A significant line traversing Africa, Europe, Alaska, and the poles creates a division in the Earth that reflects equal amounts of light. This symmetry could have a vital influence on Earth’s climate system.

Research shows that the northern and southern hemispheres exhibit nearly equal albedo, with findings from Jiang Hao and colleagues from the National Oceanic and Atmospheric Administration revealing an additional line of symmetry at 27 degrees east longitude and 153 degrees west longitude.

The hemispheres defined by this line demonstrate equality in three aspects: clear sky albedo, cloud reflectance, and ice-free ocean coverage. This symmetry has been consistent throughout 25 years of satellite data analyzed by Zhang et al.

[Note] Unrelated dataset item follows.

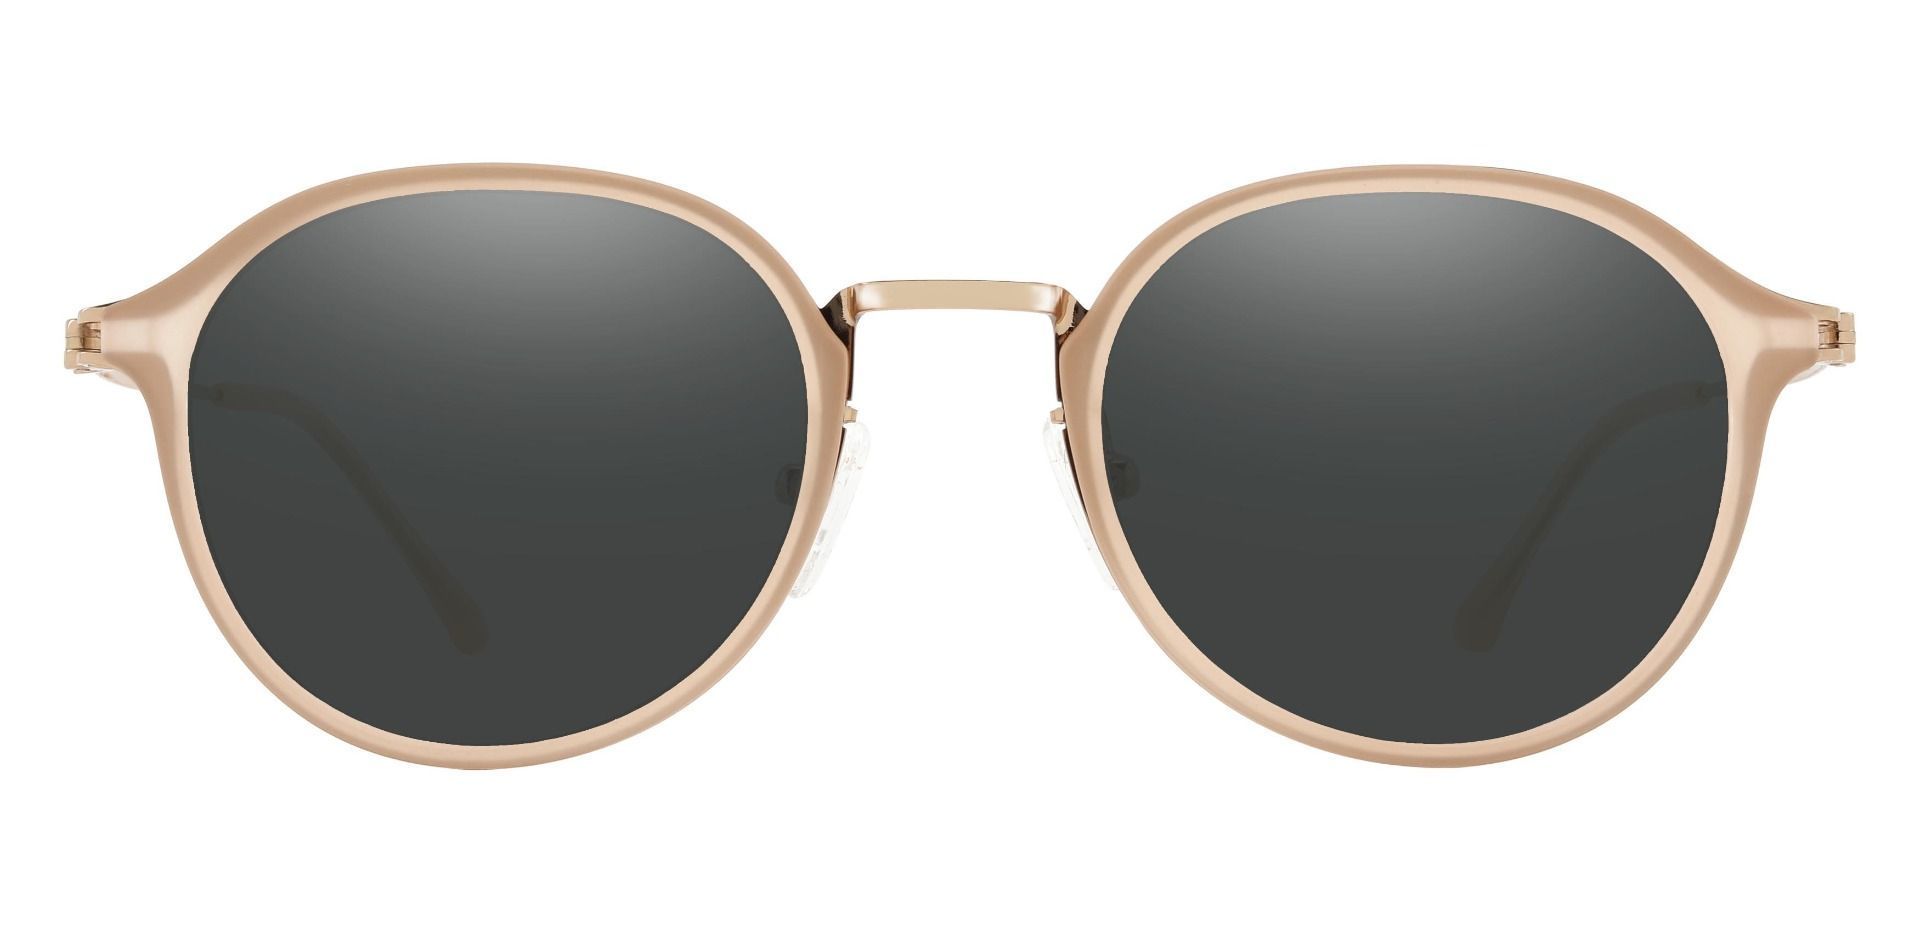 Billings Round Prescription Sunglasses - Brown Frame With Gray Lenses

Initially, Zhang suspected this symmetry might be coincidental. “Three factors led me to believe that East-West symmetry is significant: its uniqueness, its long-term persistence, and its triple symmetry nature,” he states. “Finding a stable, unique east-west split that balances land and ocean distribution alongside clear and cloudy sky reflectivity is no small feat, especially considering the dynamic nature of clouds.”

Analysis of 25 years of satellite data shows that while the east-west symmetry centers around 27 degrees east, its exact position shifts slightly year to year. Researchers have linked these minor fluctuations to the phases of the El Niño Southern Oscillation (ENSO), a global climate phenomenon tied to changes in Pacific Ocean temperatures.


“This symmetry could be more than just geometric happenstance,” says Zhang. “It may be involved in significant climate change mechanisms. ENSO could serve as a substantial adjustment factor that helps sustain long-term east-west symmetry centered at 27 degrees east.”

According to Ovind Hodnebrok from the International Center for Climate Research in Oslo, Norway, who was not part of the study, there were initial doubts regarding these findings.

“I was initially skeptical about the east-west symmetry at approximately 27 degrees east longitude. It seems intuitively less clear than the equatorial separation, leading me to suspect it could be coincidental,” Hodnebrok notes.

However, he now agrees that it may represent a “robust feature and potentially an intriguing characteristic of Earth.”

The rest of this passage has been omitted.